It's a bit trickier than that. Genetic problems, per se, are only half of the issue. The other half is genetic diversity.ShirouZhiwu wrote:I've always found ST approach to genetics terribly flawed. With the technology at their disposal, identifying and fixing genetic problems should be easy, even if they only had 2 people to start with.
If you have too small a population, it becomes increasingly likely that some particular genes will be lost, simply by random chance. If (for example) there's only one person carrying a particular allele, and he (or she) has two children, then there's one chance in four that neither of the children will inherit the allele, and it becomes extinct.
This sort of low-population genetic "bottleneck" reduces the genetic diversity of the population, and it doesn't recover (except very slowly, as a result of mutations) after the population increases again. A population can end up being genetically quite uniform - not as much as clones, but not far from it. Even if all of the genes are "healthy" ones (no lethal or harmful alleles at all) the species can end up very vulnerable to disease and environmental change, because they''ll all have the same types of resistance or lack-of-resistance. A lot of our carefully-bred mass-farming plant varieties are vulnerable to this - all it takes is one new mold or bacterium coming along, and it can wipe out an entire crop all across the world because none of the varieties being farmed have any resistance to it.
(There's evidence that the human race has been through that sort of bottleneck.

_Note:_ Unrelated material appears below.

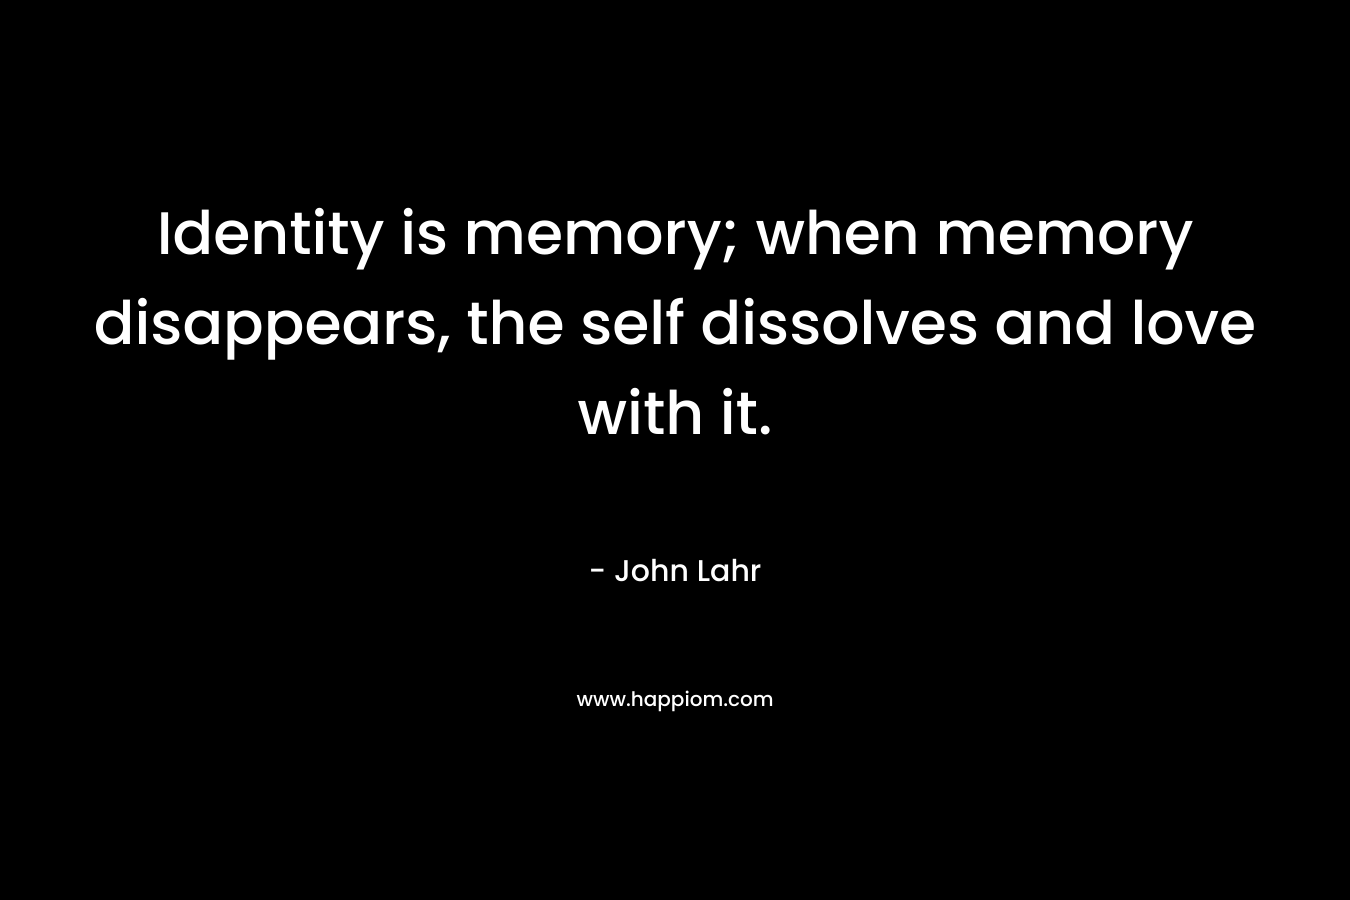 Identity is memory; when memory disappears, the self dissolves and love with it.

A tribe of chimps or bonobos, all living within 20 miles of one another, have more genetic variation within that small group than the entire human race has in many of its genes.)
To get around this with genetic engineering, you'd have to create a complete "gene bank" of the species, and then either manually "program" the genes of every new generation, or re-introduce endangered or extinct alleles every few generations to counteract random losses. Either approach would be expensive, and prone to totalitarian abuse.